Purbaya juga menyoroti soal sumber anggaran. "Mau dibikin kapan saya enggak tahu. Ya udah enggak apa-apa. Yang betul Pak Trenggono mungkin saya datanya salah. Tapi sebagian katanya uangnya kata pinjaman. Tapi pinjaman juga nanti kan lewat kita juga kan, tetap aja," jelas Purbaya.
Belakangan, publik ramai menyoroti aksi saling sindir antara Menkeu Purbaya dan Menteri Kelautan dan Perikanan, Trenggono.
Awalnya, dalam sebuah forum, Purbaya mengaku heran karena KKP belum merealisasikan anggaran pembangunan kapal. Ia menyindir melalui pertanyaan apakah ada pengusaha yang sudah mendapatkan proyek pembangunan kapal dari KKP.
"Kan aneh, enggak masuk akal. Uangnya sudah saya keluarkan, order-nya enggak ada," ucap Purbaya.
Pernyataan Purbaya kemudian ramai dibahas di media sosial dan memicu respons Menteri Trenggono, yang tampak geram.
"Saya enggak ngerti maksud Pak Purbaya.
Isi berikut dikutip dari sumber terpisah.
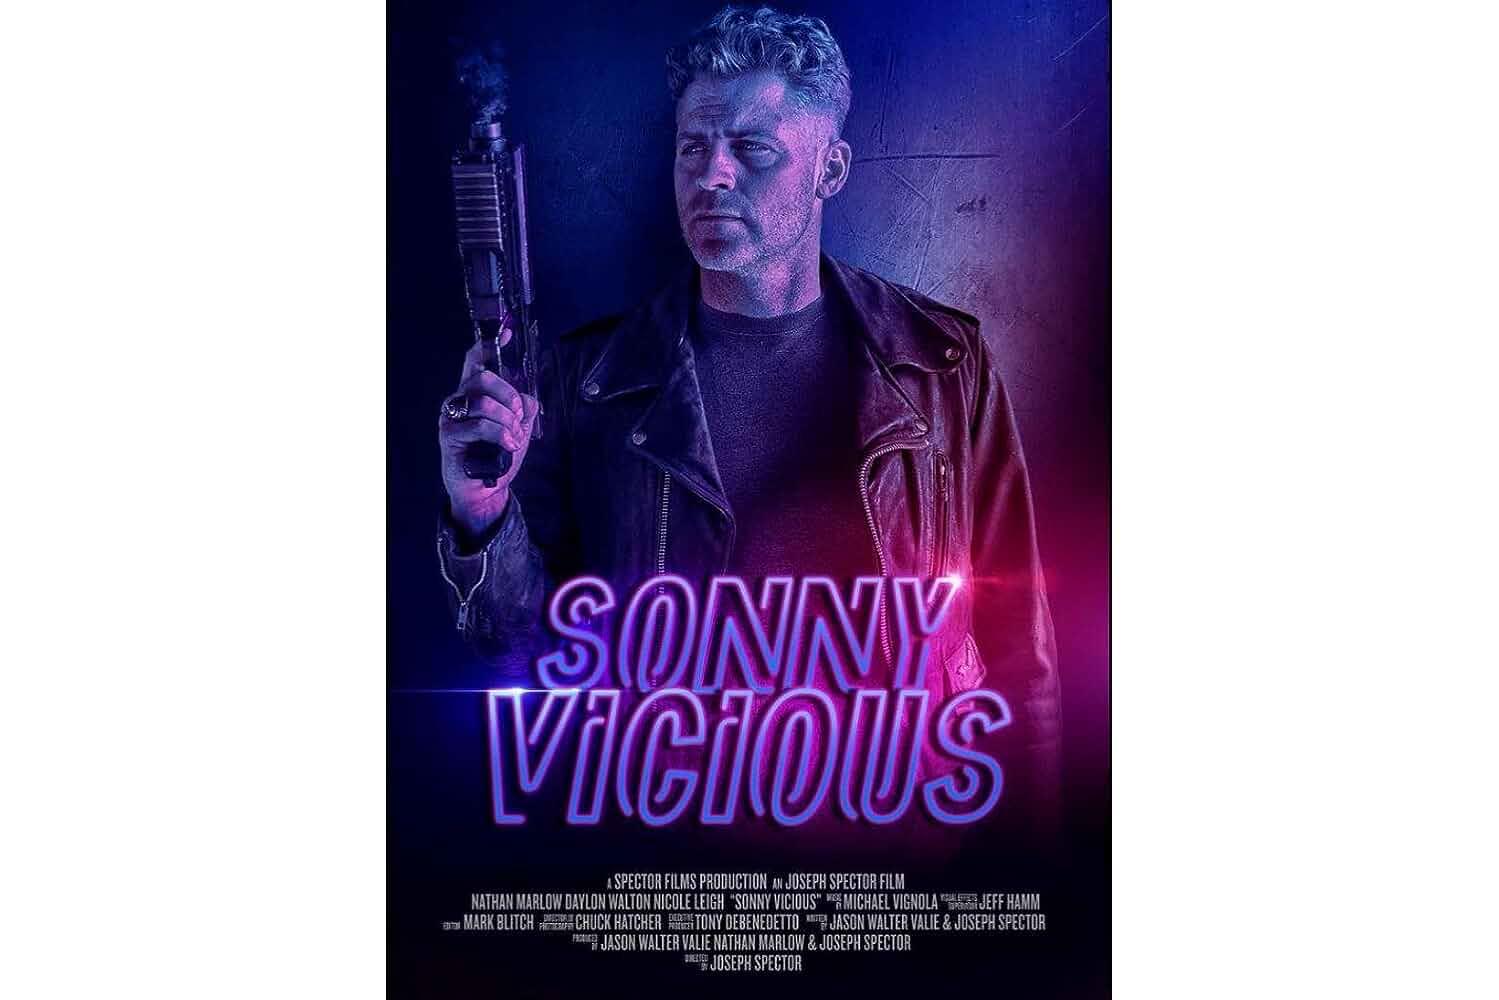 Sonny Vicious (2018)

Kalau soal kapal, itu sumber pendanaannya dari pinjaman UK, dan sekarang masih berproses, mekanismenya juga sedang dibicarakan," ujar Trenggono, Selasa (11/2/2026).
Dia menegaskan bahwa yang mengeksekusi pinjaman dana dari Inggris juga bukan Kementerian Kelautan dan Perikanan (KKP), melainkan Badan Logistik Pertahanan. KKP, kata Trenggono, hanya memfasilitasi teknis dan tenaga kerja.
"Jadi sebaiknya, Pak Purbaya tanya dulu ke anak buahnya sebelum komentar. Validasi data dulu sebelum menyampaikan seperti," jelas Trenggono.